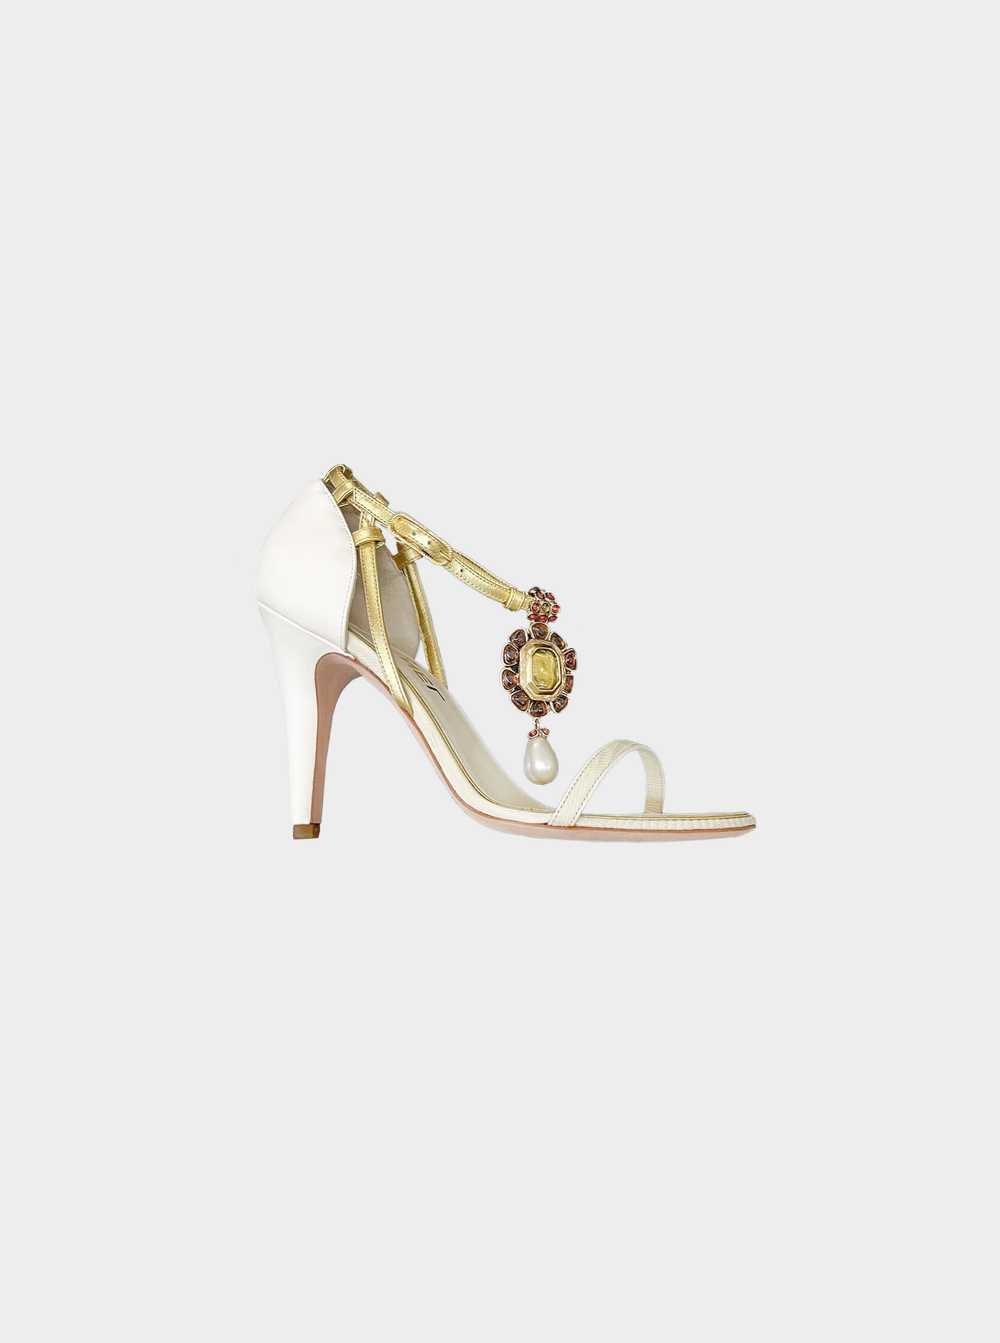 Chanel 2000s Beige Jeweled Pearl Pendant Sandals - image 1
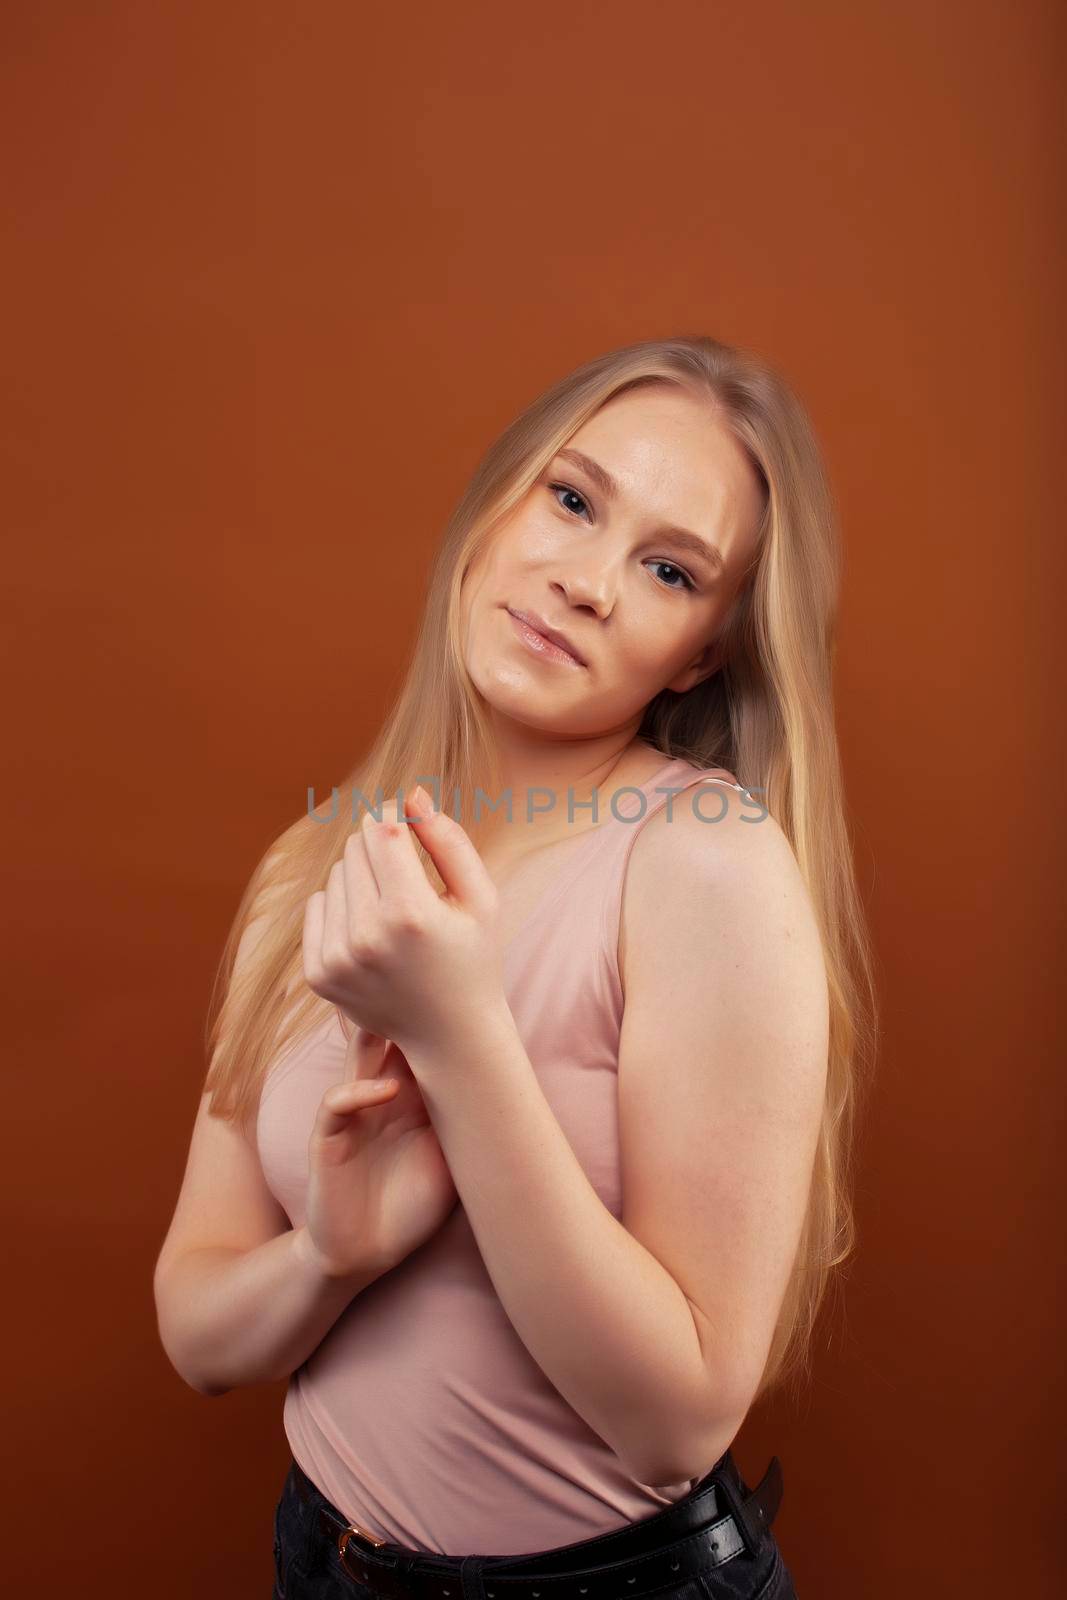 young pretty girl with blond hair posing cheerful on brown background, lifestyle people concept close up
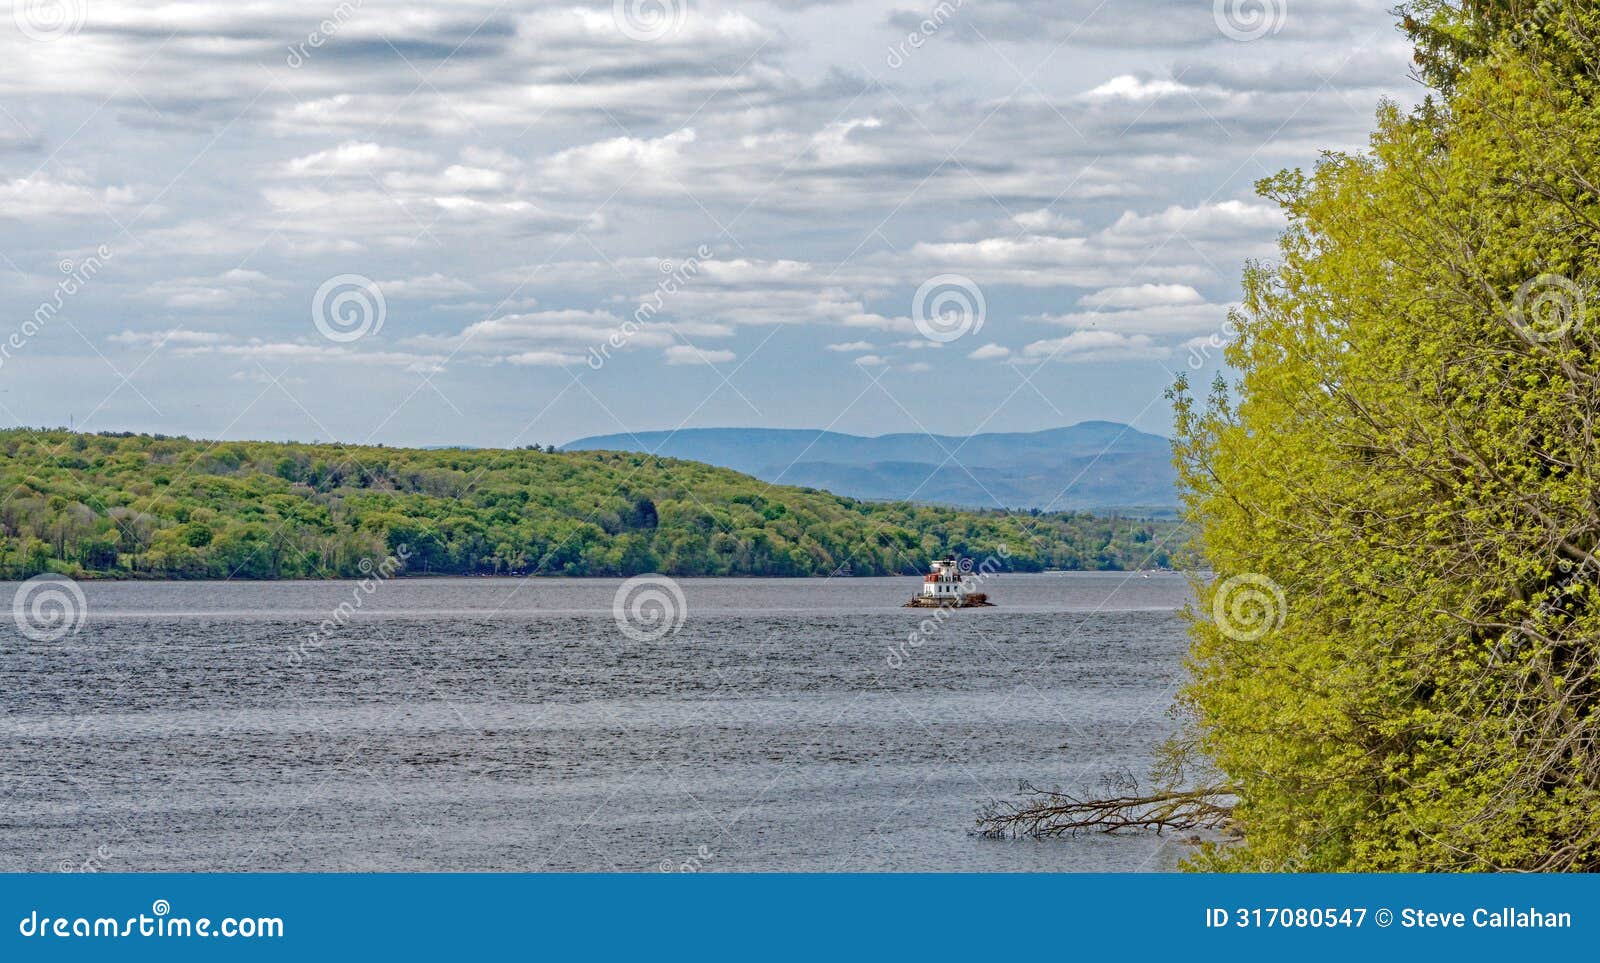 esopus meadows lighthouse on hudson river and catskills in spring

*What needs to be done:* The pictures should not be reproduced; quote all of the other material exactly.

*Problem solution:*
 Chanel 2000s Beige Jeweled Pearl Pendant Sandals - image 1
 young pretty girl with blond hair posing cheerful on brown background, lifestyle people concept close up
 esopus meadows lighthouse on hudson river and catskills in spring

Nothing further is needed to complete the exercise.